Stell dir vor, du könntest besondere Momente für alle Ewigkeit festhalten. Diesen etwas verrückten Gedanken hat das Hamburger Start-Up foreverontheblockchain (im Folgenden forever genannt) nun Wirklichkeit werden lassen. Über ein einfach zu bedienendes Webinterface bietet das Software-as-Service-Start-Up seinen Kundinnen und Kunden die Möglichkeit, ganz besondere Momente in Bild-und Textform für alle Ewigkeit in der Blockchain abzuspeichern.
Neben der Speicherung in einer der sichersten Datenbanken der Welt erhalten die Kundinnen und Kunden ein umfangreiches Social Media Paket sowie ein Zertifikat mit QR-Code, mittels dessen sie ihren Eintrag direkt “on chain” wiederfinden und darstellen können.
Das Unternehmen forever bietet seinen Kunden zwei Produktvarianten an: Der Nutzer kann einen Eintrag in die Ethereum-Blockchain oder eine Nachricht in die Bitcoin-Blockchain schreiben lassen. Beide Varianten werden in physischer und digitaler Form angeboten, dadurch entstehen auch unterschiedliche Produktpreise. Die Themenfelder der unsterblichen Nachrichten umfassen die Bereiche Hochzeit, Geburt, Geburtstag und Freundschaft. In der nachfolgenden Abbildung ist ein Beispiel zu einem Liebes-Eintrag in der Blockchain inklusive Bild, Text und individuellem Hashwert zum Abruf dargestellt.

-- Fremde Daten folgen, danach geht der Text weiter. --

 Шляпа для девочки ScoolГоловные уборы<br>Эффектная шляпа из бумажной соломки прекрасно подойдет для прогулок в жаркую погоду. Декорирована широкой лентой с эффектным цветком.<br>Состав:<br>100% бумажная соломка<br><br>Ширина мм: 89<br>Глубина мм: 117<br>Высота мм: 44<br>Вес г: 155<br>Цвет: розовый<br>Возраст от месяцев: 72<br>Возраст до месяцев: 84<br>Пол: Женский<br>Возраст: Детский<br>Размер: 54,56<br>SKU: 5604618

Die Hauptzielgruppe orientiert sich an den genannten Themenfeldern, jedoch ist bislang noch unklar, wer die potenziellen Kunden sind, da das Unternehmen den überwiegenden Anteil der Projektzeit noch nicht am Markt präsent war. Der Live-Gang erfolgte Mitte Januar 2021, pünktlich zum Jahresbeginn.

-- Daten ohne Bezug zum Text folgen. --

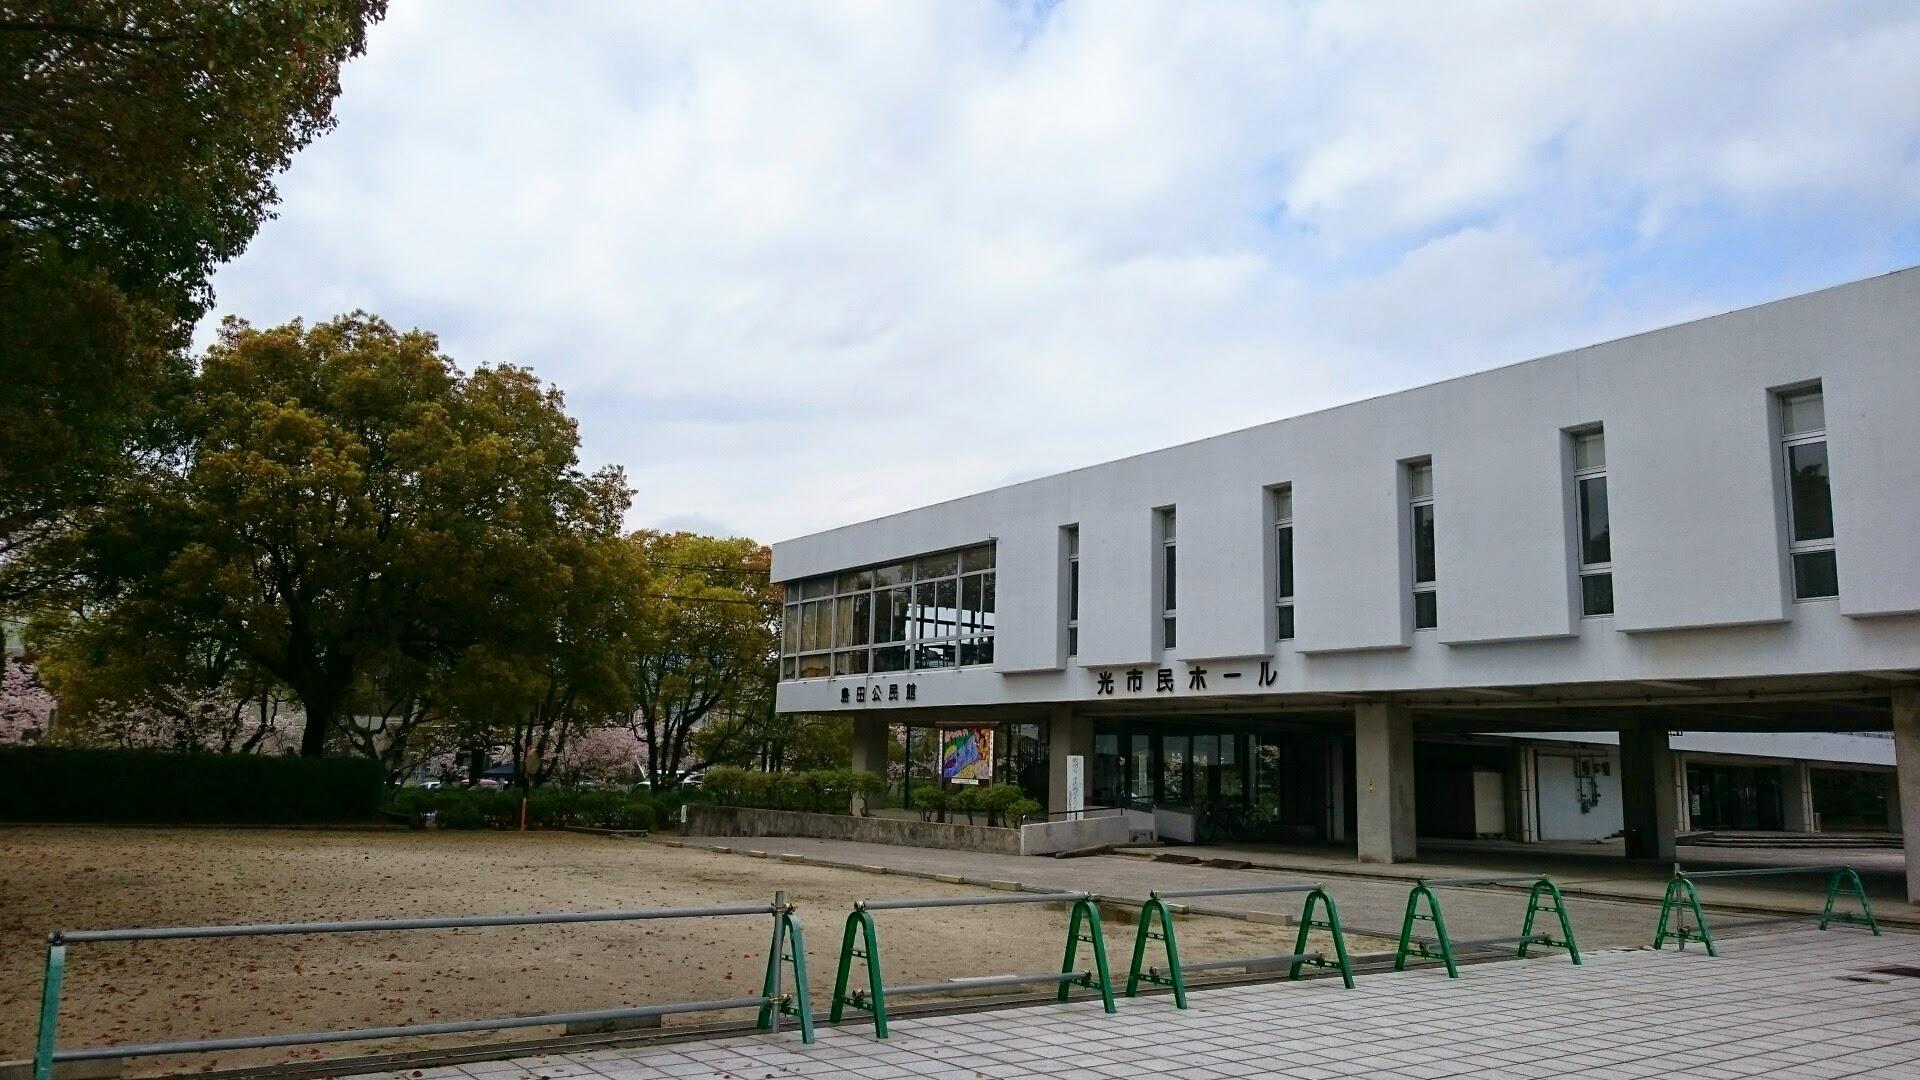 光市民ホール

Was war die Projektaufgabe?
Aufgabe des Projektteams war es, das Start-Up bei der Konzeption und Umsetzung einer Online-Marketing-Strategie (B2C- und B2B-Zielgruppen) für den Valentinstag proaktiv zu unterstützen. In einem ersten Schritt wurden dafür Wettbewerbs-und Zielgruppenanalysen durchgeführt sowie Projektziele und zugehörige KPIs definiert.
Diese bildeten die Grundlage für die Auswahl der Marketing-Maßnahmen, die im Rahmen des Valentinstages 2021 durchgeführt werden sollten. Das Projektteam hat sich final für drei verschiedene „Marketing-Säulen“ entschieden.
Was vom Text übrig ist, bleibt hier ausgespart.